Work instruction
Beginning with the line that holds "caregiver counseling the seniors", copy each line to the end of the records exactly, except the pictures.

Provided records
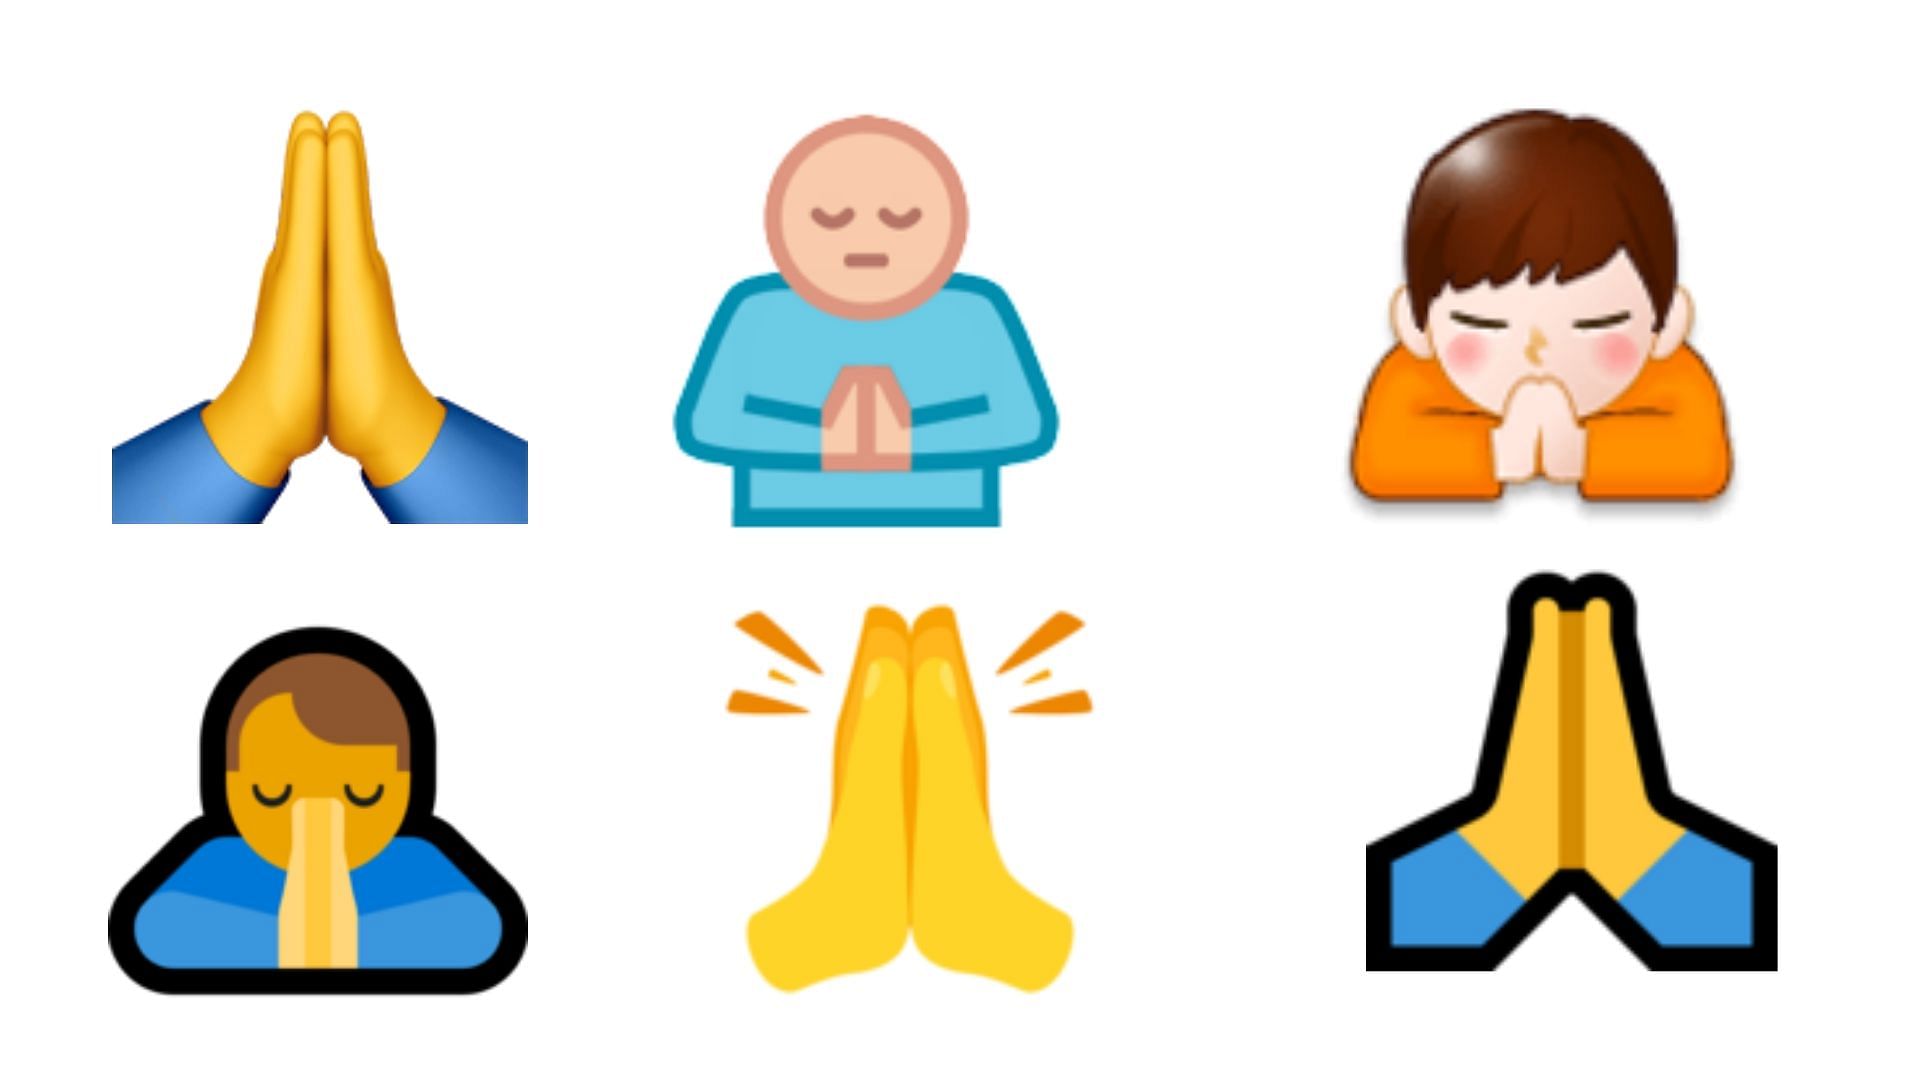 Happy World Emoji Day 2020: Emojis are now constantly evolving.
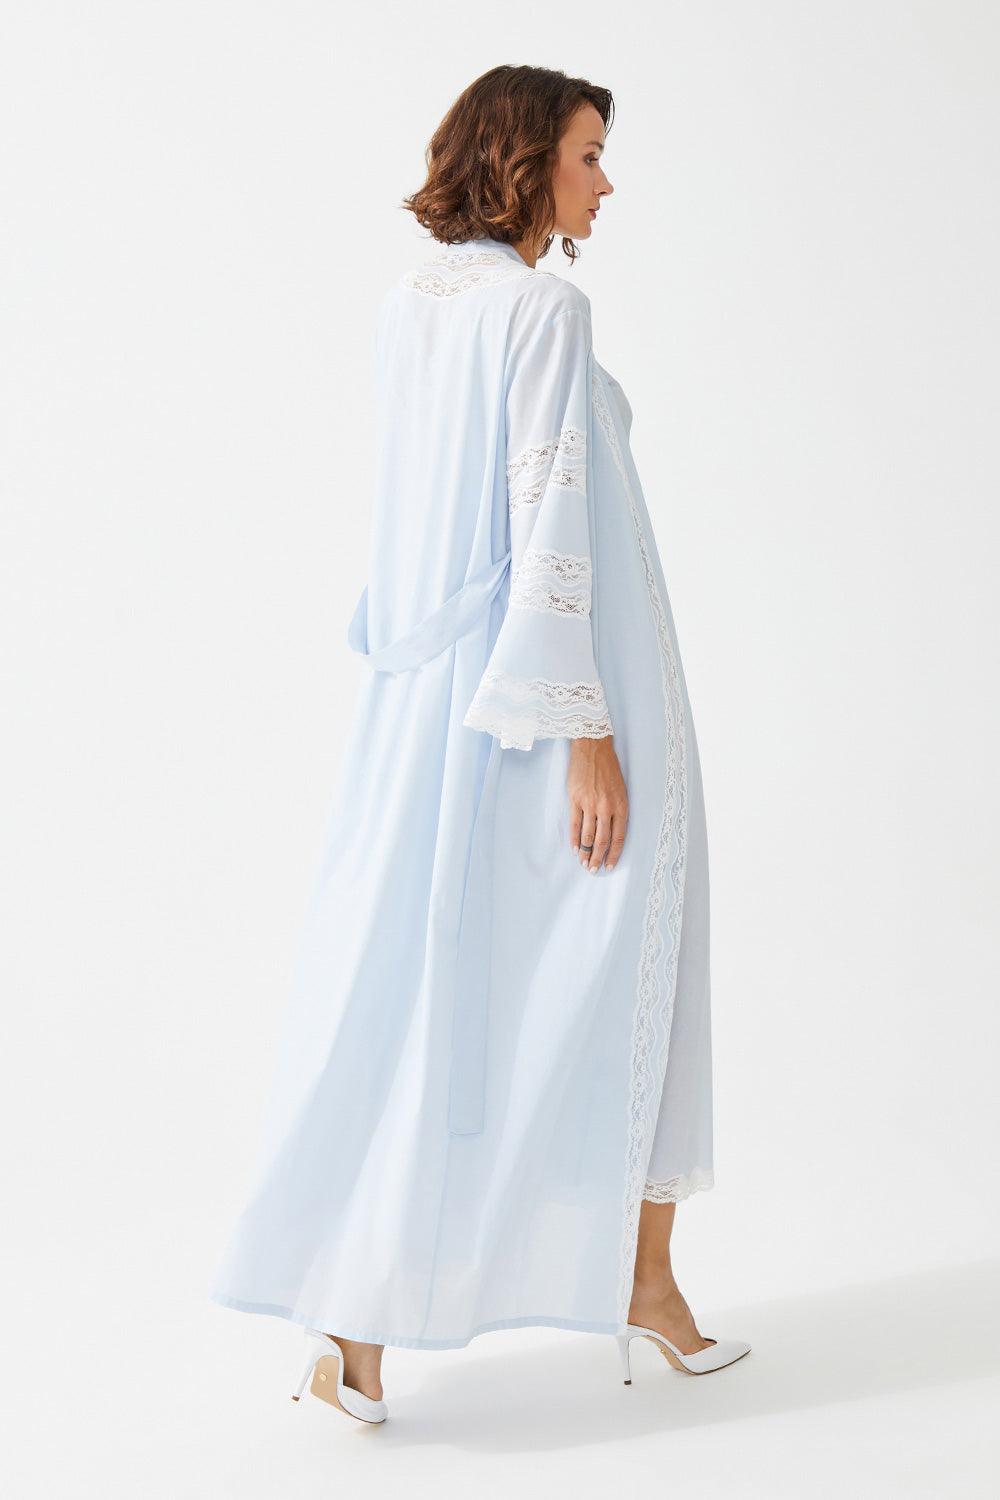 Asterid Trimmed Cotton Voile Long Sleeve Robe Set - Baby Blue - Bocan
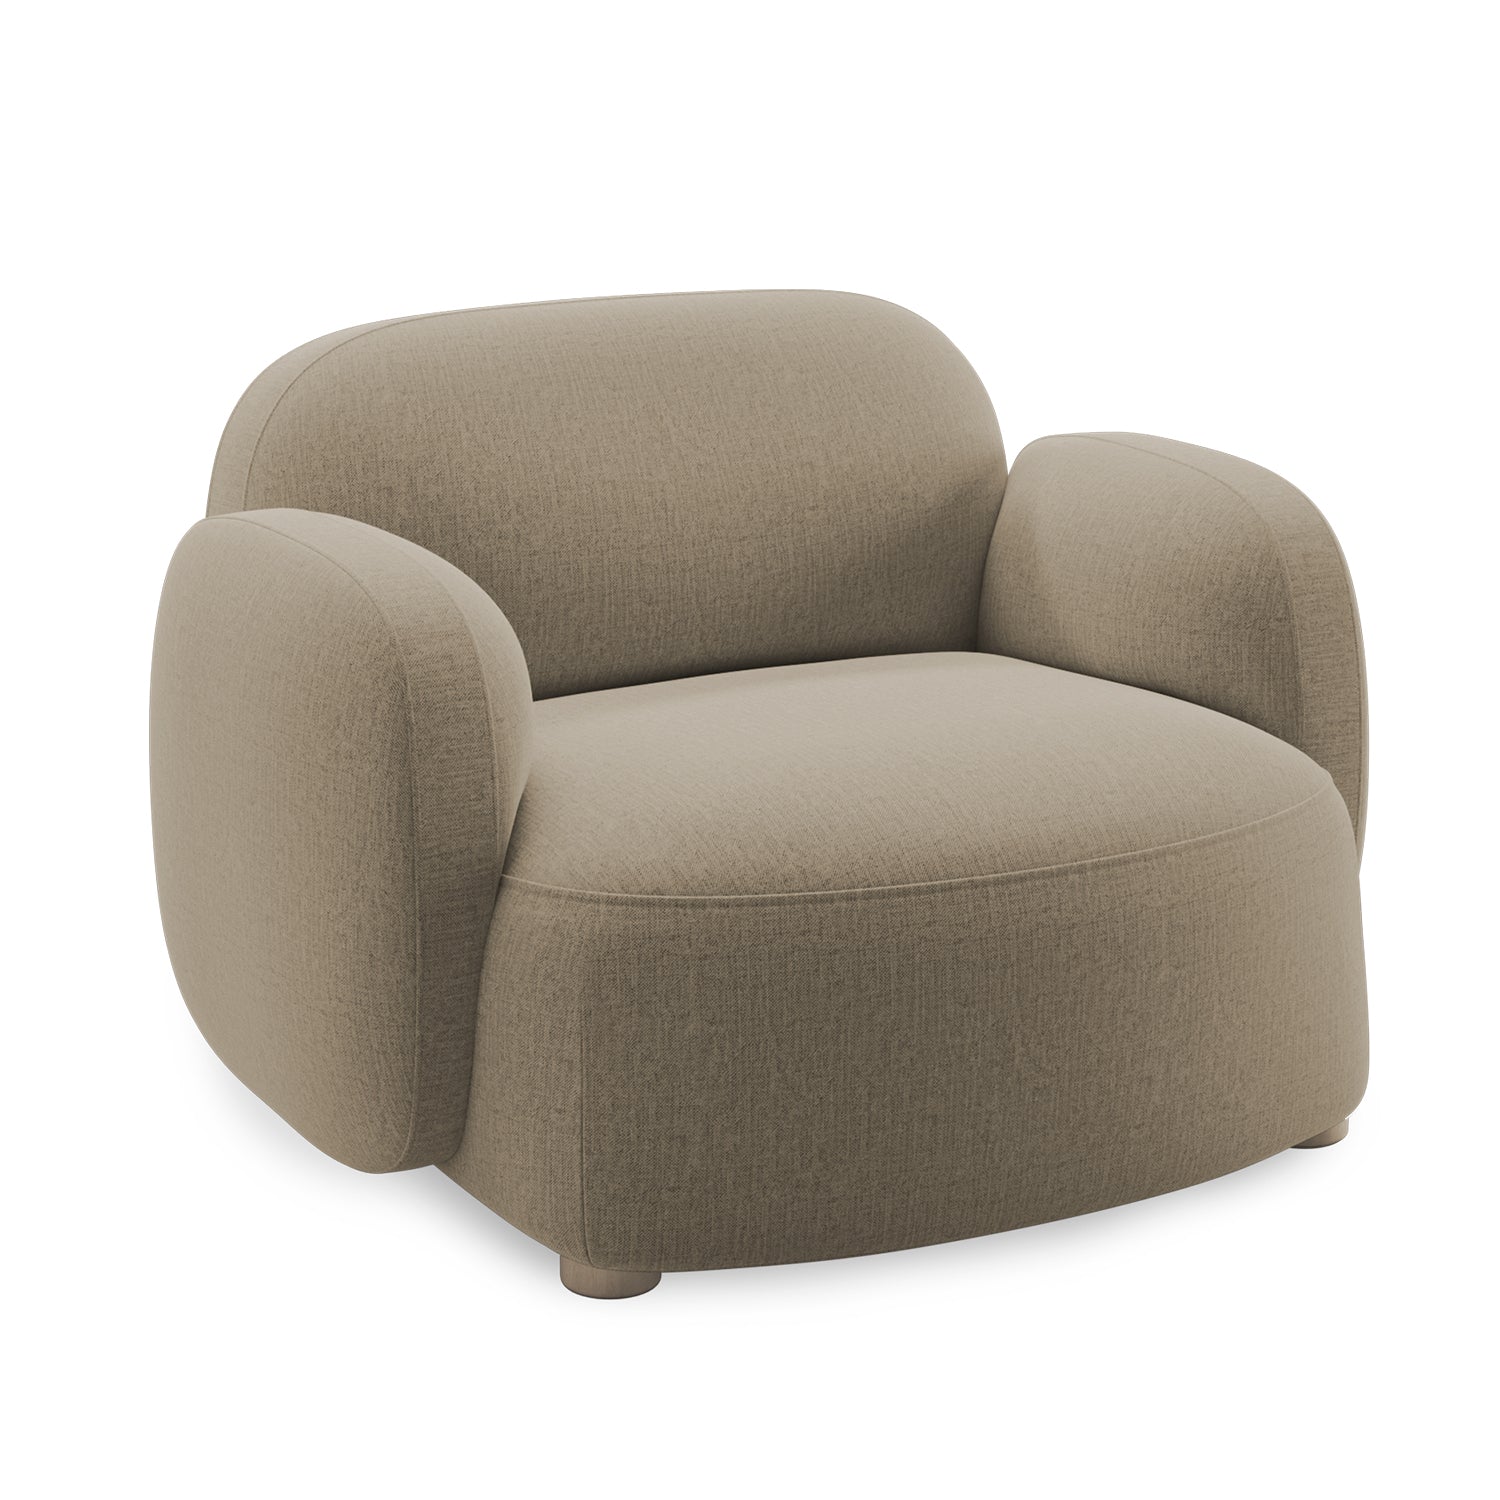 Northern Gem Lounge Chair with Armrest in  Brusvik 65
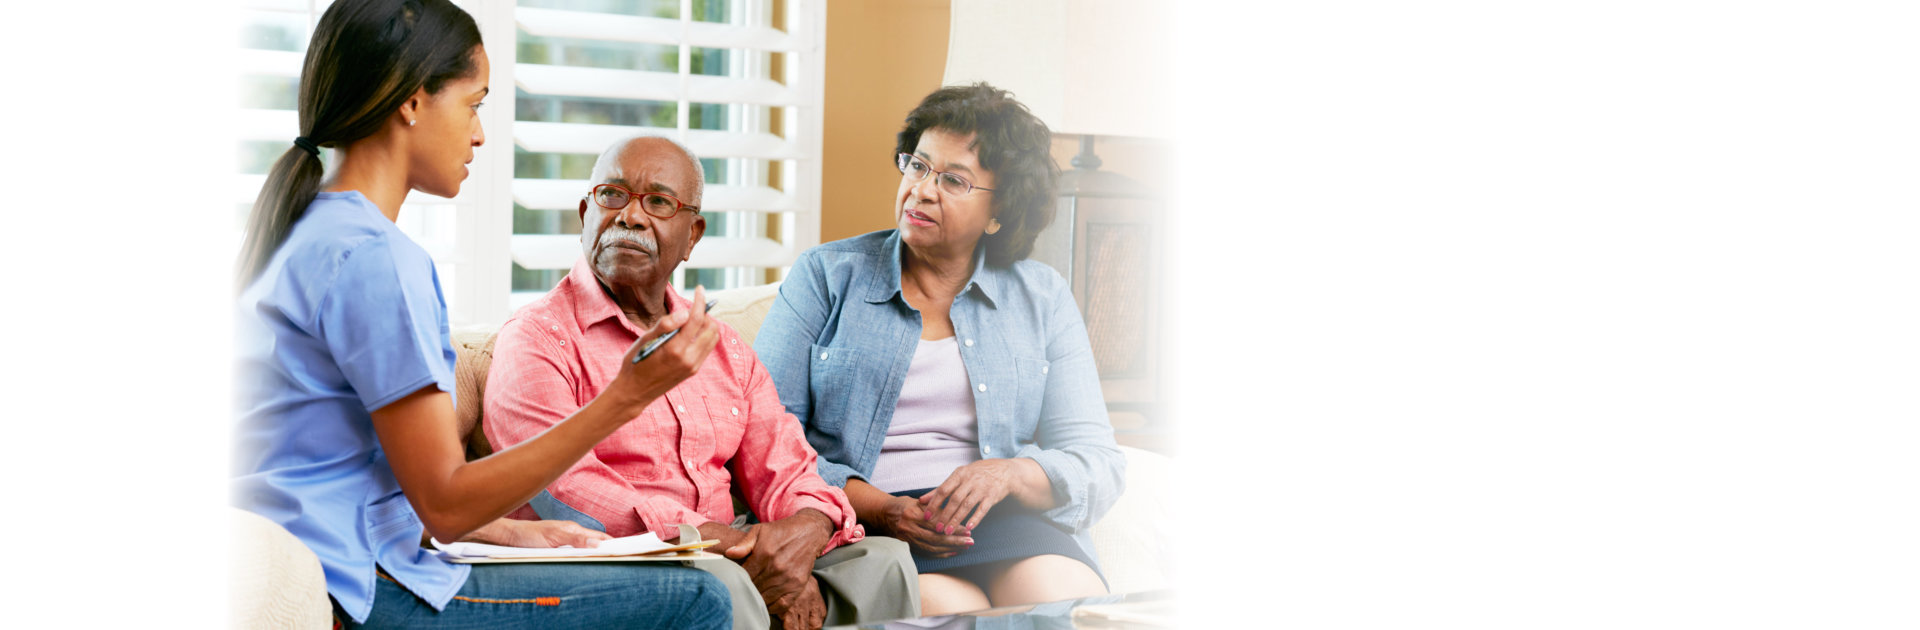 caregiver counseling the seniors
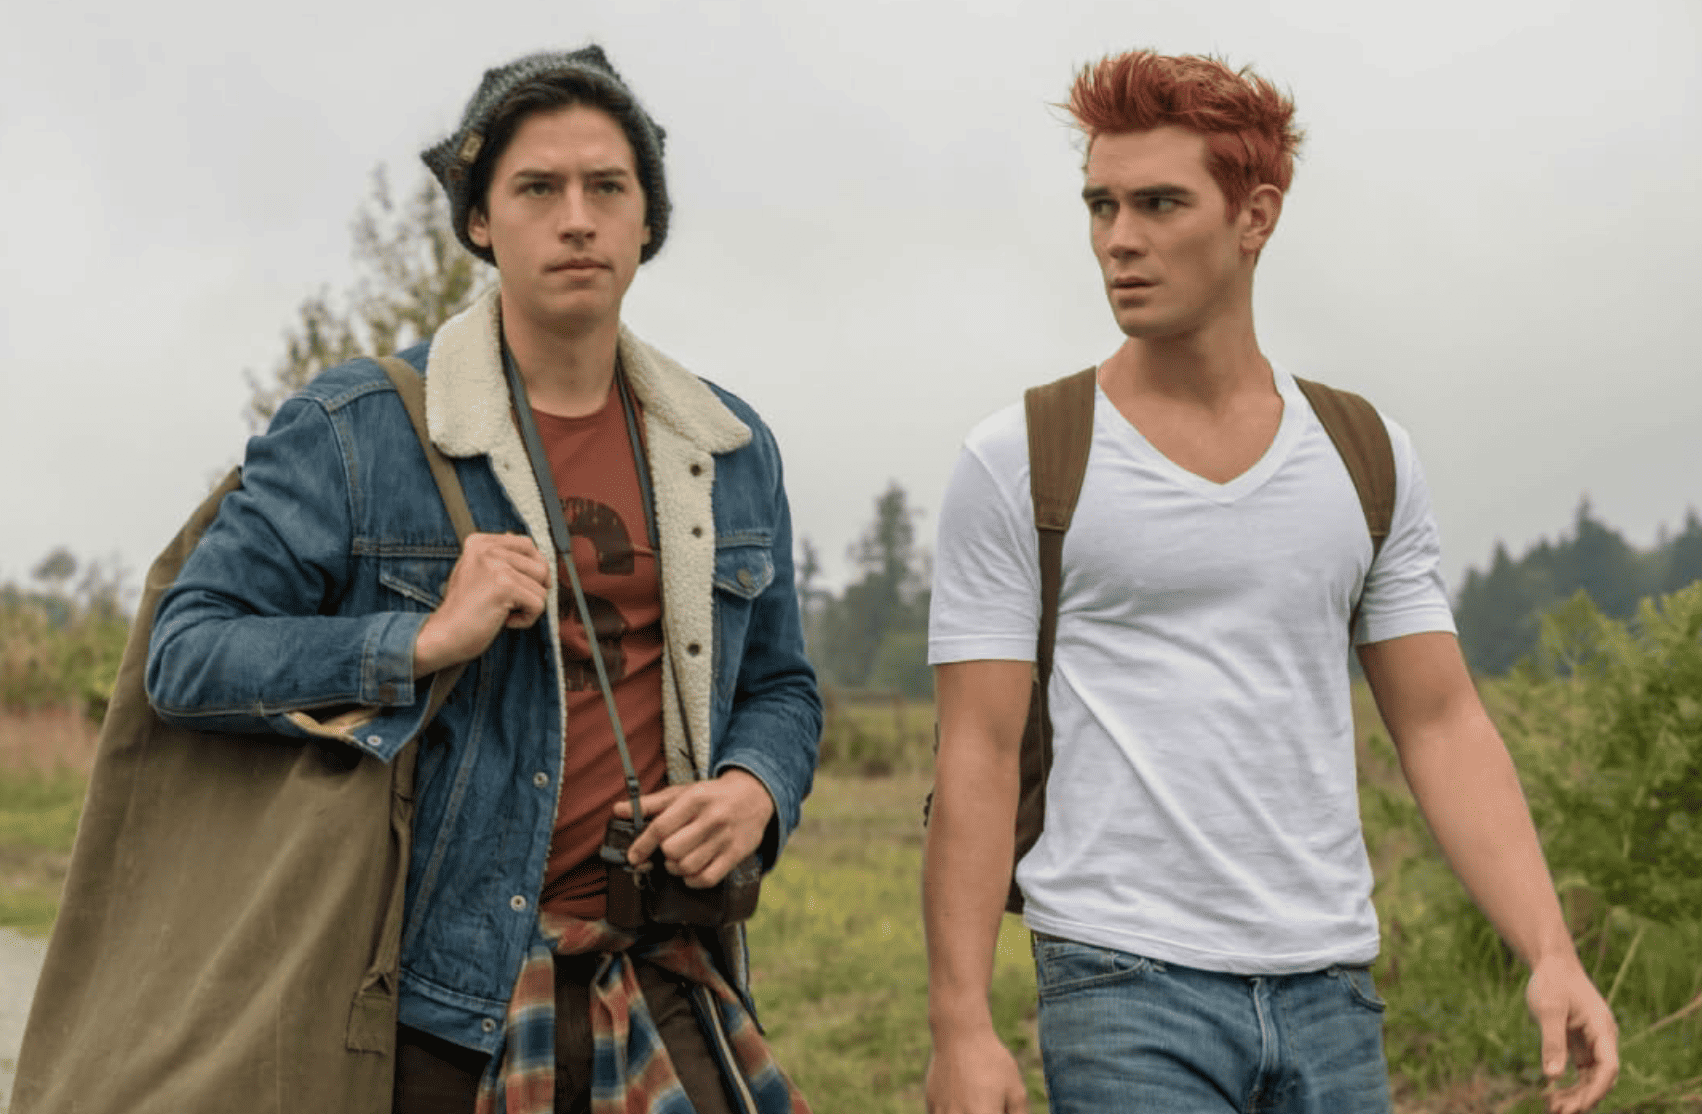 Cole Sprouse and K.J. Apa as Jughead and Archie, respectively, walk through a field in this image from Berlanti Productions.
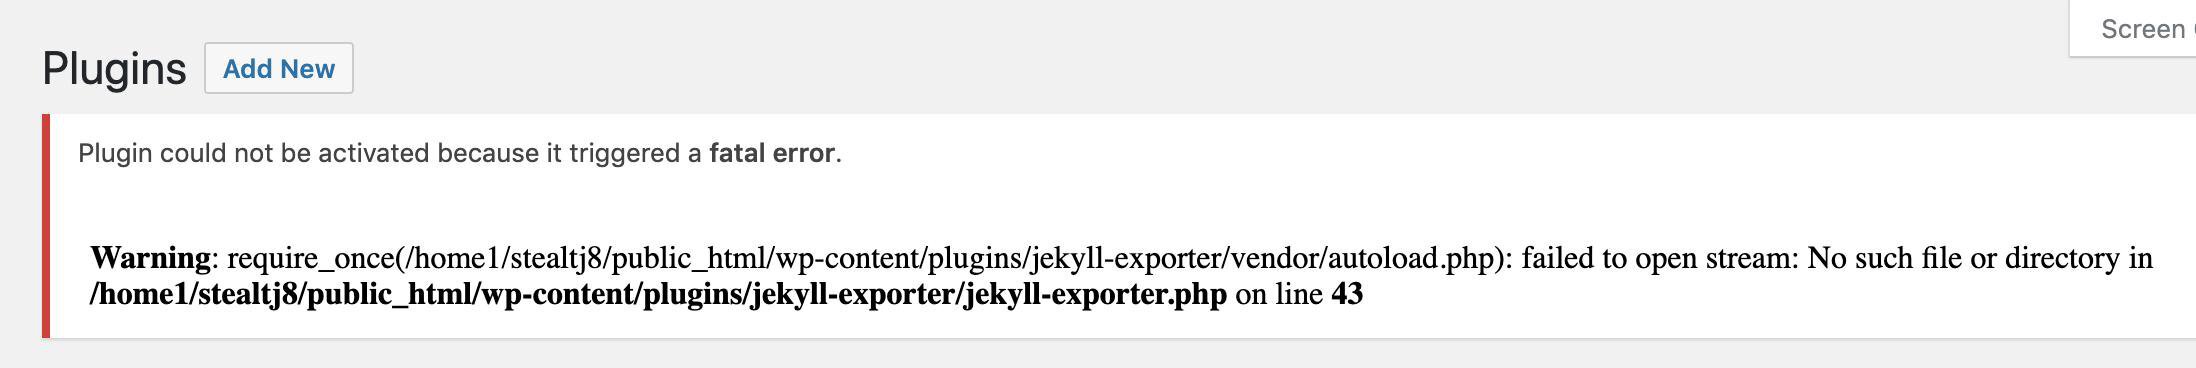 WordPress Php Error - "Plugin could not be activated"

Reply
 caregiver counseling the seniors
 Cole Sprouse and K.J. Apa as Jughead and Archie, respectively, walk through a field in this image from Berlanti Productions.
 WordPress Php Error - "Plugin could not be activated"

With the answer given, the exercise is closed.